2. The two methods are exactly the same. The pipeline was split into three pieces to allow for just correction or to assemble reads corrected by something else (and optimistically, for when reads don't need correction).

[danshu]

@brianwalenz Thanks for your detailed answers! So if I have 30x corrected reads, would you suggest trying canu assembly using the longest 25X? For the bubbles, I'm thinking about mering them into our assembly because they are just heterozygous sequences from a diploid genome. Canu should have recorded the sequences or reads of their neighbouring nodes?

[danshu]

Hi,

I have some more questions.

1. How to set repeat detect parameters? Would setting the genome size half of the best estimate be equal to setting 2x for the second parameter of repeat detection?
2. What is the suggested corMaxEvidenceErate for repetive genome smaller than 500Mb?
3. I found that the guessed X coverage is usually about twice of the real coverage. As I'm assembling a diploid genome, is it because that it can not distinguish between haploid and diploid genomes?

Thanks!

[brianwalenz]

For your earlier question, give it all the reads you have.

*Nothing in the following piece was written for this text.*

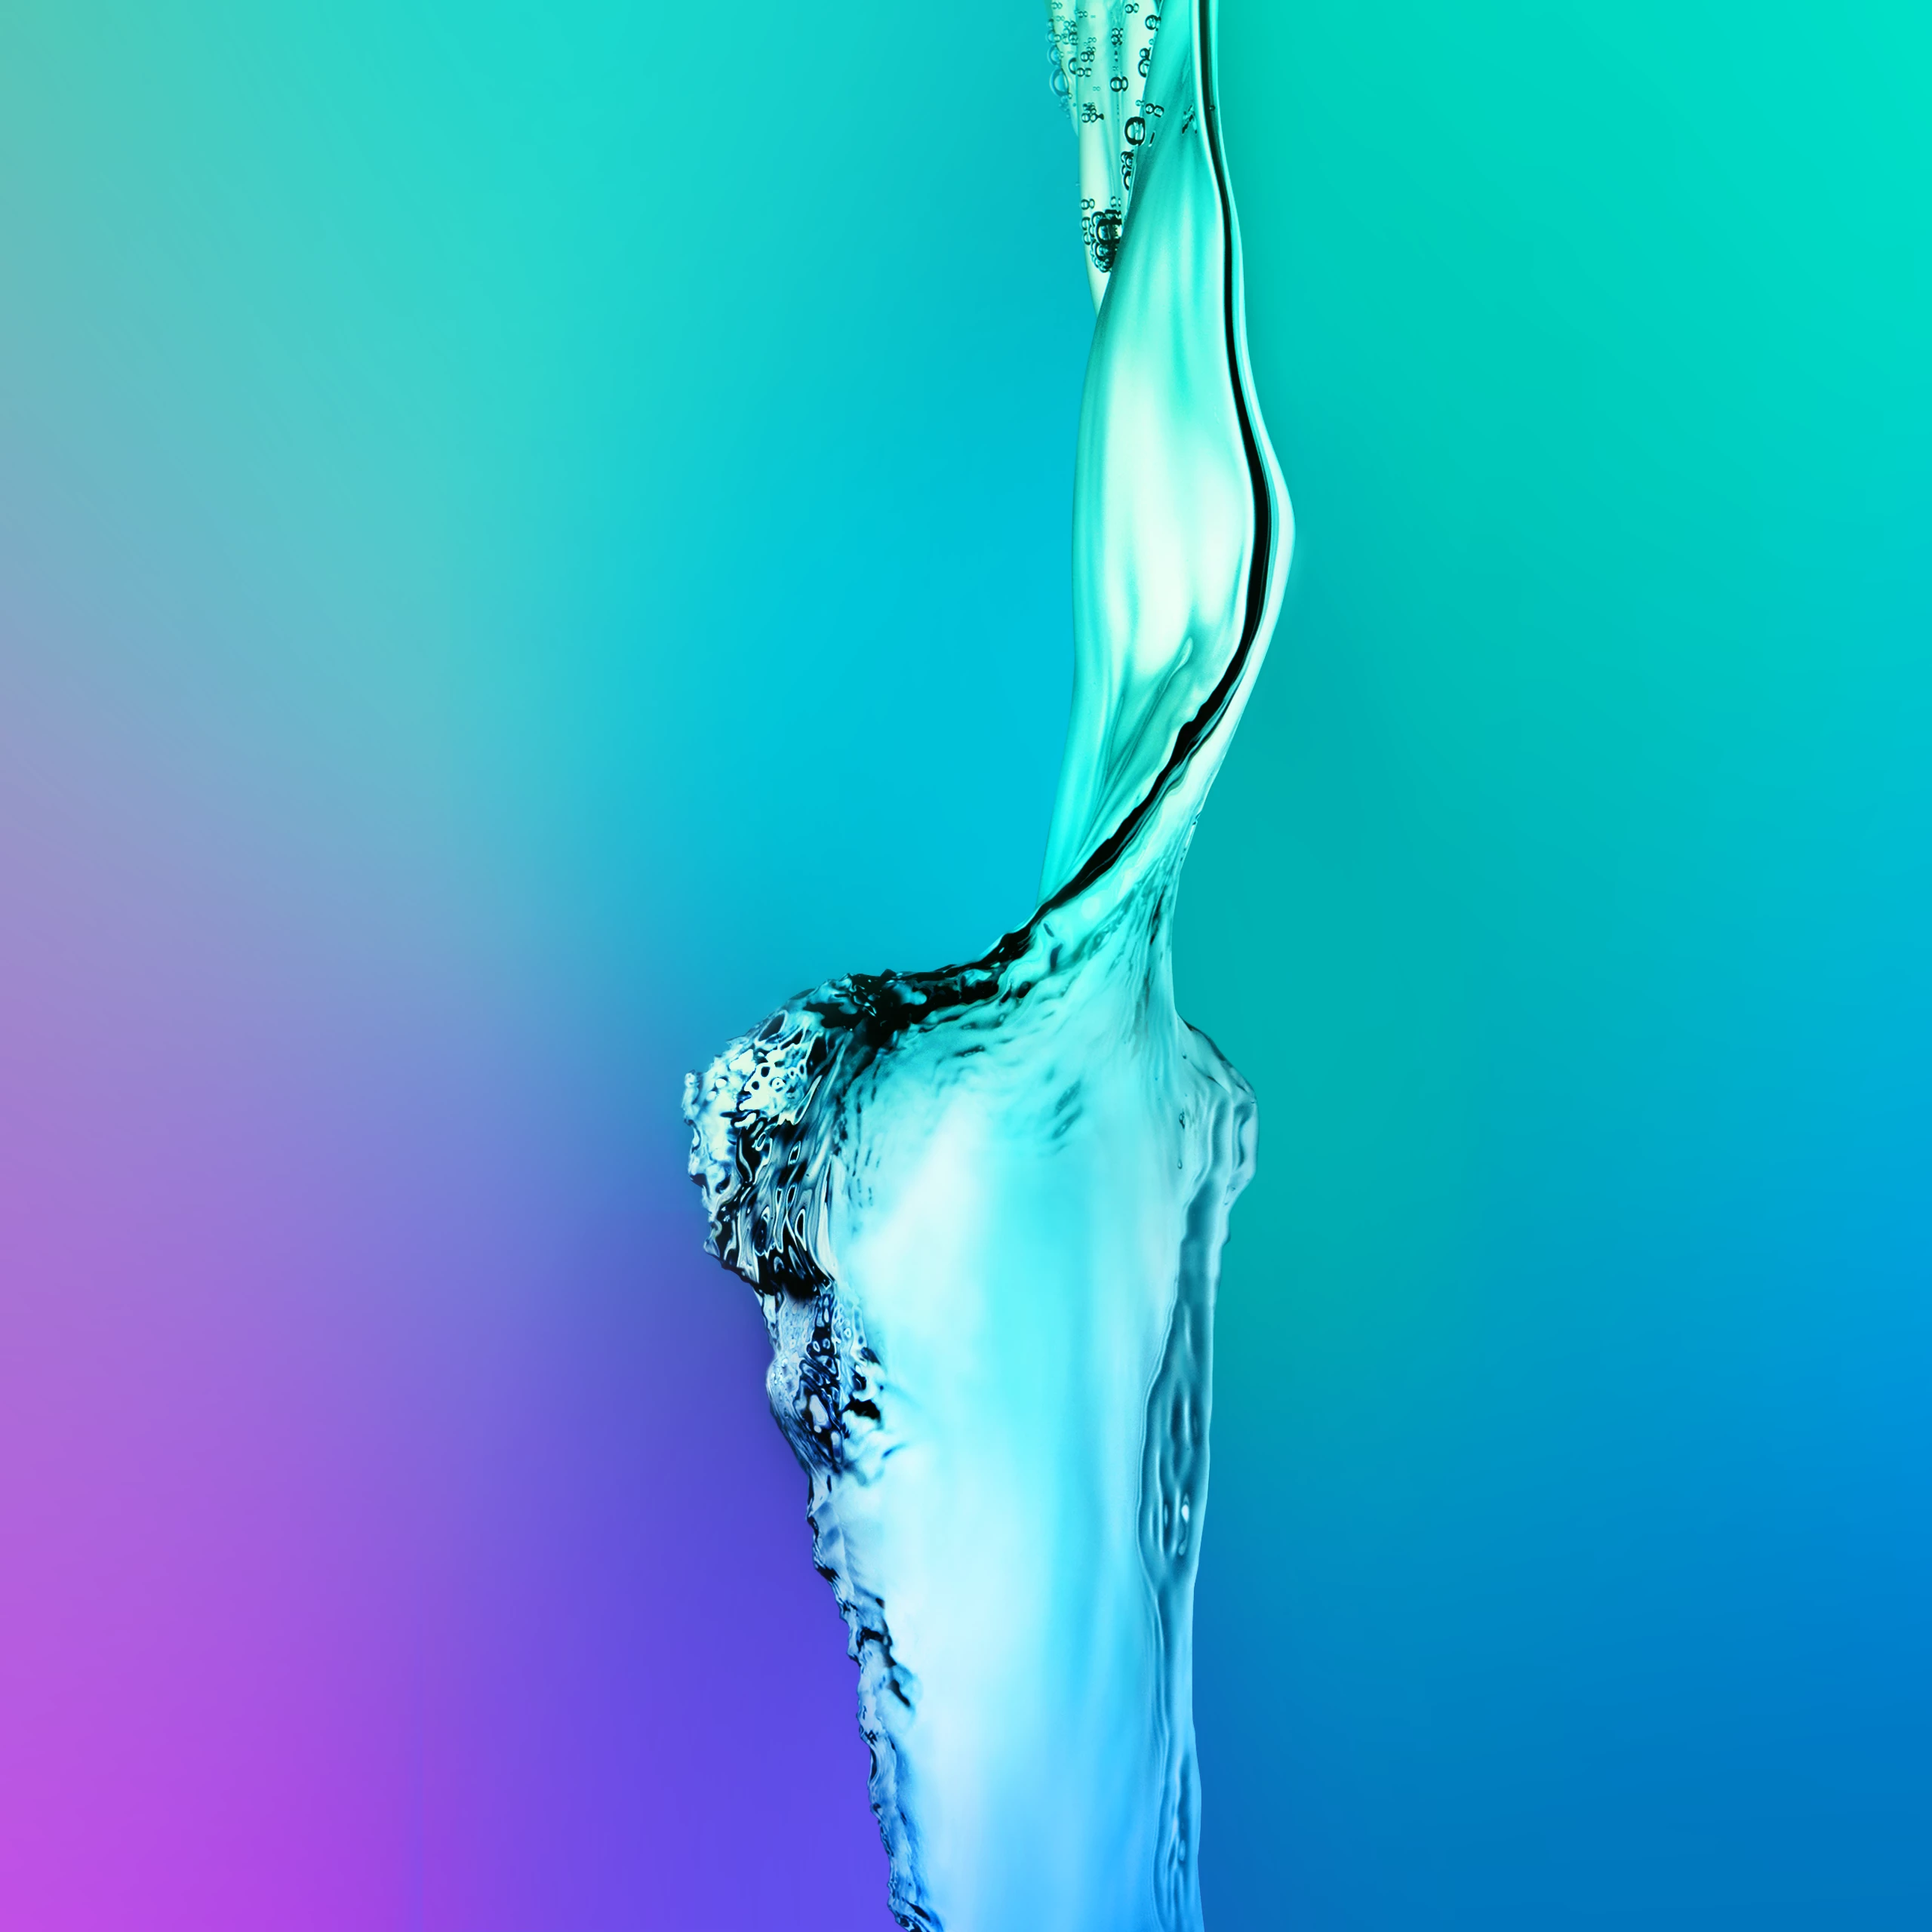 Wallpaper download j2 - Galaxy S8
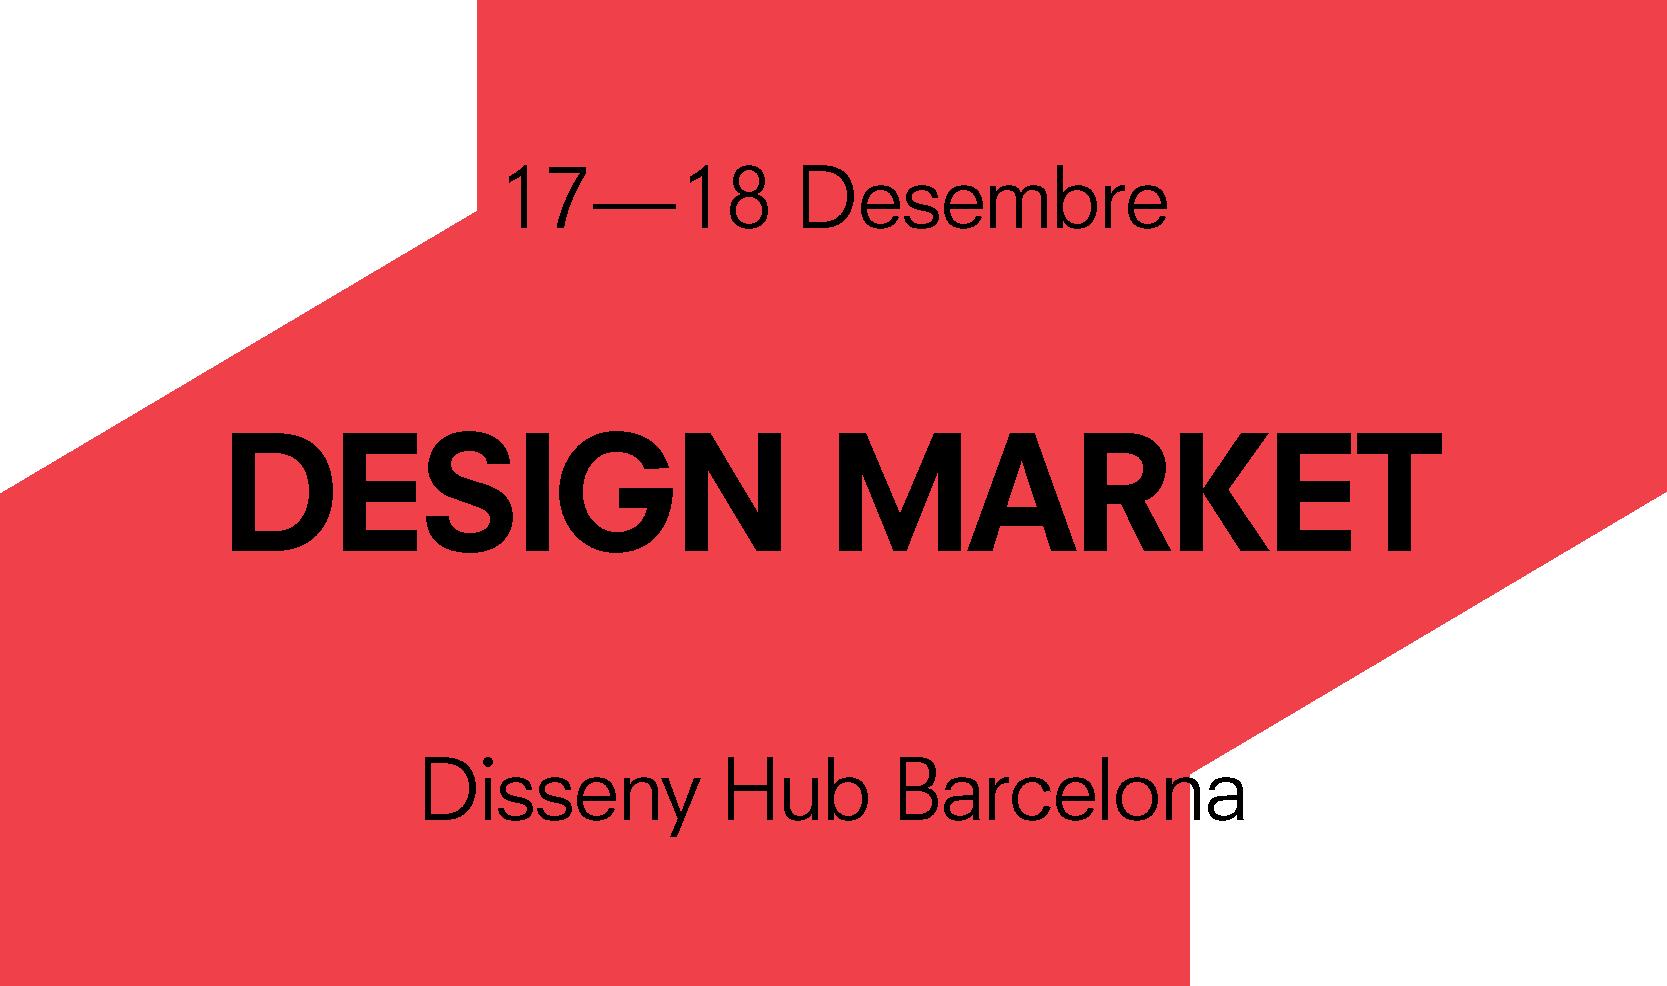 Design Market

1. Those parameters have been removed in the latest version.
2. More dependent on the quality of reads you have. I can't recall ever using this parameter, except for early testing. Leave it unset unless you know you have abnormally bad reads.
3. Canu is expecting the haploid size. I've never seen the guessed coverage (from kmers) over estimate coverage; it usually badly underestimates it.

[JohnUrban]

Hi @brianwalenz As for your response to "3" -- what about issue #63 ?

[brianwalenz]

Do the kmer histograms look sane? This is using a very simple method to find the expected hump in the kmer histogram. The peak of the hump is the reported coverage.

This coverage isn't used anywhere, but the histograms (and possibly the hump-finding method) are used to pick a kmer occurrence threshold for the overlapper used for trimming and unitigging. A higher threshold will use more repetitive seeds (and thus more CPU).

[JohnUrban]

Thanks for the explanations. I don't have that data anymore to check the sanity of the kmer histograms. That issue has largely been addressed already (thanks again) - I was just thinking that there was at least 1 time on record where the Guessed Coverage was over-estimated (and genome size under-estimated). Nonetheless, as you point out, under-estimating coverage seems more likely for diploid genomes. I would imagine guessed coverage under-estimation gets worse as the heterozygosity rate of a diploid genome increases - is that a fair assumption?

[eugenio]

what are the minimal hardware resources to run canu? what is the minimal amount of ram for a genome of estimated 4.9 Mbp?

[brianwalenz]

eugenio, please don't hijack issues, your question is totally unrelated.

The smallest machine we have anymore is 16gb. It will probably run OK on 8gb. 4gb might be tight. CPU time depends on coverage. I test against ecoli and drosophila with 4-12 CPUs.